The results contribute to the strategy literature (Ansoff 1984; Dyson 2000; Kaplan and Norton 2008; Mintzberg 1990) by showing that bad execution is not only an organizational phenomenon, but can also be rooted to some extent in decision-maker characteristics, as mentioned above. From this individual perspective, creating strategic clarity seems an important success factor. Participants who had a clearer understanding of the causal links between their actions and the results achieved thereby performed significantly better. However, the BSC cockpit used in this study failed to increase strategic clarity perceived by the participants (compared to the report cockpit). With its tabular, dashboard-like design that closely follows suggestions by Kaplan and Norton, cause-and-effect chains are not visualized and therefore not emphasized. The BSC’s main causal chain—better measures in the learning and growth perspective lead to improved indicators in the internal processes perspective that result in better customer performance indicators and improved financial measures—might be too invisible and perhaps also too generic to be helpful for strategy implementation decision makers. Whether improved cockpit designs that clarify the strategy as a “set of hypotheses about cause and effect” (Kaplan and Norton 1996a, p. 149), or whether better-educated and more experienced users who could get more information out of the BSC cockpit would change this study’s findings, has to be left for further research.

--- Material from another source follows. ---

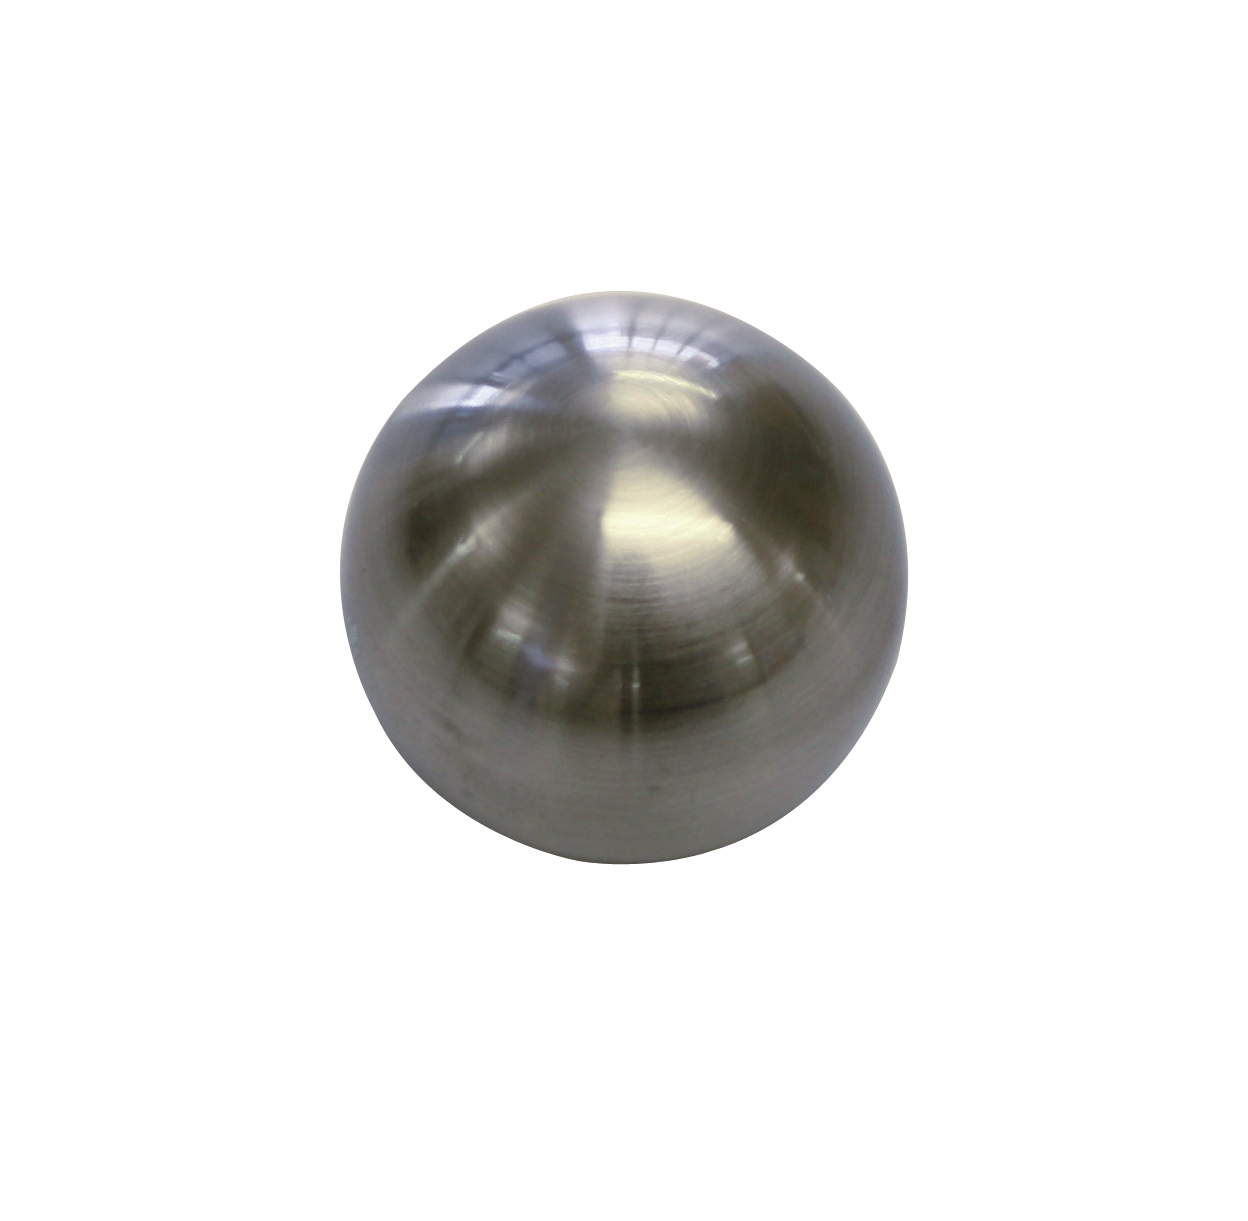 Koncovka Entry Ball, vzhled ušlechtilé oceli - 2ks

Of course, this study is not without limitations. When focusing on strategy implementation, giving participants the task to decide on execution only seems justified. However, most CEOs have more competences: they do not only implement an already specified strategy; they can also develop one. Therefore, future research could give the participants more “power” and define the task more broadly. The focus on strategy implementation results in a second limitation. Participants need to have a very thorough description of the strategy that they have to implement, including a strategy map that outlines the important cause-and-effect relationships between strategic themes. Giving this information in very detailed form to both experimental groups might have reduced the discriminating effect of a BSC cockpit. Future research could investigate whether different forms of strategy descriptions, such as verbal only versus verbal and graphical, resulted in significant performance differences. Another limitation comes from using a realistic, rather complex case study and business game in this experiment. Achieving good strategy implementation results may need more repetitions. Therefore, a future study could allow participants more simulation runs that count, and/or could use a less complex strategy implementation case study. Another limitation comes from using a student sample in this research. While more than two-thirds of participants had work experience, they could not be expected to hold positions where they had strategy implementation power to the extent reflected in the experiment. They might also not have the type of experience that allows for a different decision-making style; for instance, more intuitive decision making. Therefore, future research could use participants from the population of more experienced managers and investigate whether the factors affecting strategy implementation performance change.